Евдокия тем временем насухо обтёрлась и повязала на голову тюрбан из полотенца, став похожей в нём на какую-то восточную принцессу. Правда, с чисто славянским профилем. Так и сидела в нём за столом, пока ужинали. Есть после тяжёлого физического труда и последующей баньки хотелось неимоверно, мне-то уж точно. Правда, удалось себя сдержать, не набив живот до отвала, чтобы не снились всякие кошмары. Евдокия же, как мне показалось, вообще ела немного, и в этот раз ограничилась куском яблочного пирога с чаем. Пирог вообще она ещё с утра, пока я в амбулатории был, испекла изумительный. Я три куска умял, а мог бы и больше, но решил, что пора остановиться.

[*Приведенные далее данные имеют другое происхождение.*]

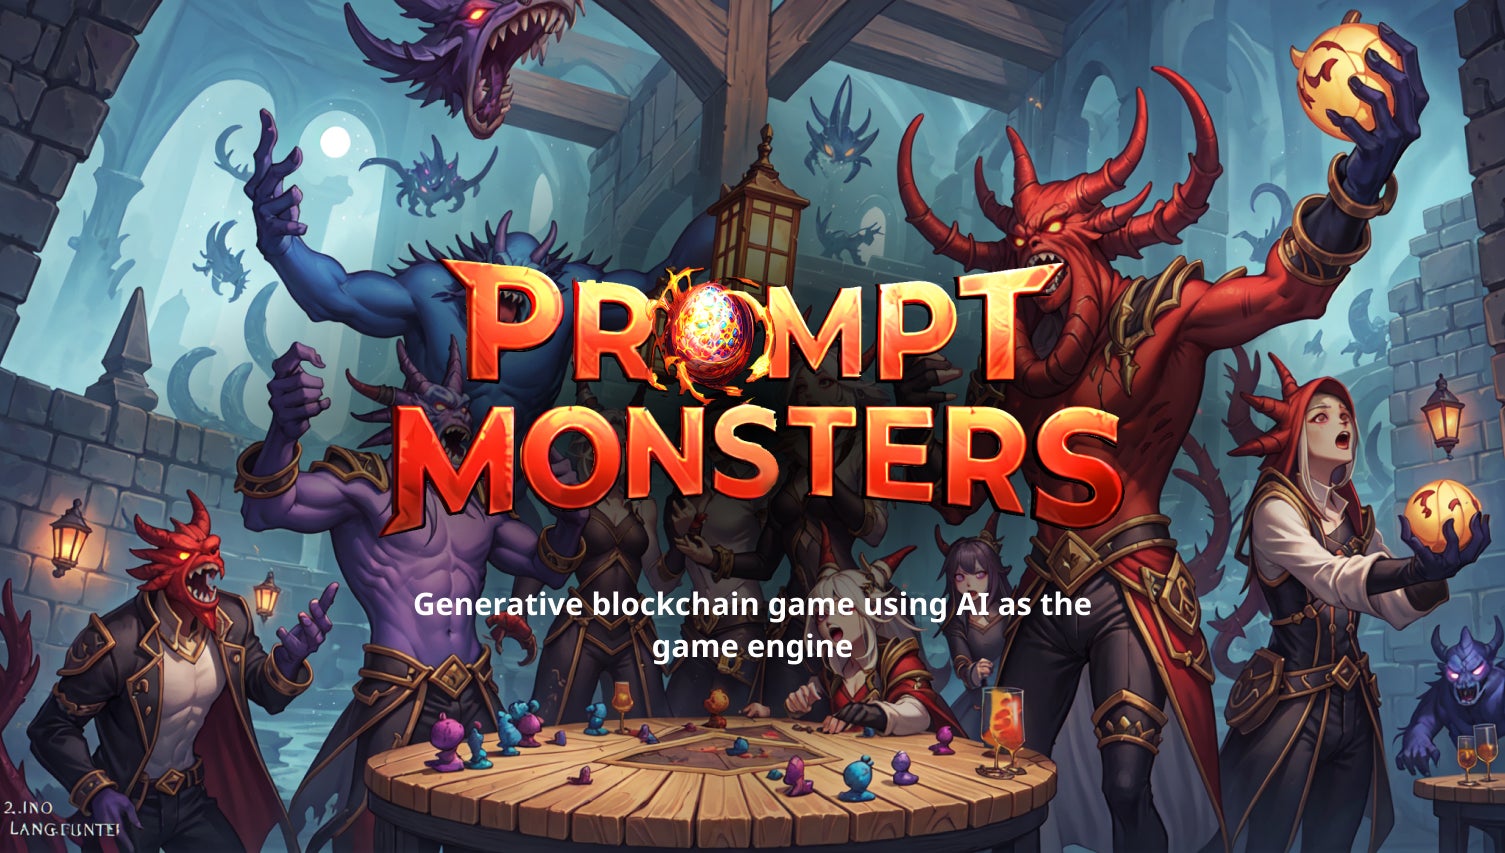 AIをゲームエンジンとした、ブロックチェーンゲーム”Prompt Monsters”をOasysチェーンのMCH Verse上に5月1日リリース

Сон, впрочем, мне приснился. Снился мне почему-то пациент из моей прошлой жизни, по фамилии Гусейнов. Азербайджанец, приехавший в Пензу во второй половине 80-х, да так и осевший на Сурской земле. Помню, когда тот выписывался, вручил мне в подарок здоровенный арбуз, мы его потом всем отделением трескали. Вот и сейчас усатый Гусейнов стоял напротив и со золотозубой улыбкой протягивал мне здоровый полосатый арбуз: «Возьми, дорогой, вкуснее арбуза ты в жизни не ел». И что-то мне так во сне захотелось арбуза, что я проснулся с мыслью о том, что сейчас самый сезон, а я на рынке в Сердобске видел, как продают арбузы. И вот завтра (а может уже и сегодня) арбуз надо обязательно купить, раз уж в райцентр ехать собираемся. Рынок в Сердобске был, и арбузы я там продавали. Помню, на второй или третий день мимо проходил, подумалось, что надо бы купить, но так и не осуществил свою задумку. А теперь очень захотелось, до слюновыделения. И Евдокия угостится, наверняка любит, не встречал я в той своей жизни таких людей, чтобы арбузы не любили.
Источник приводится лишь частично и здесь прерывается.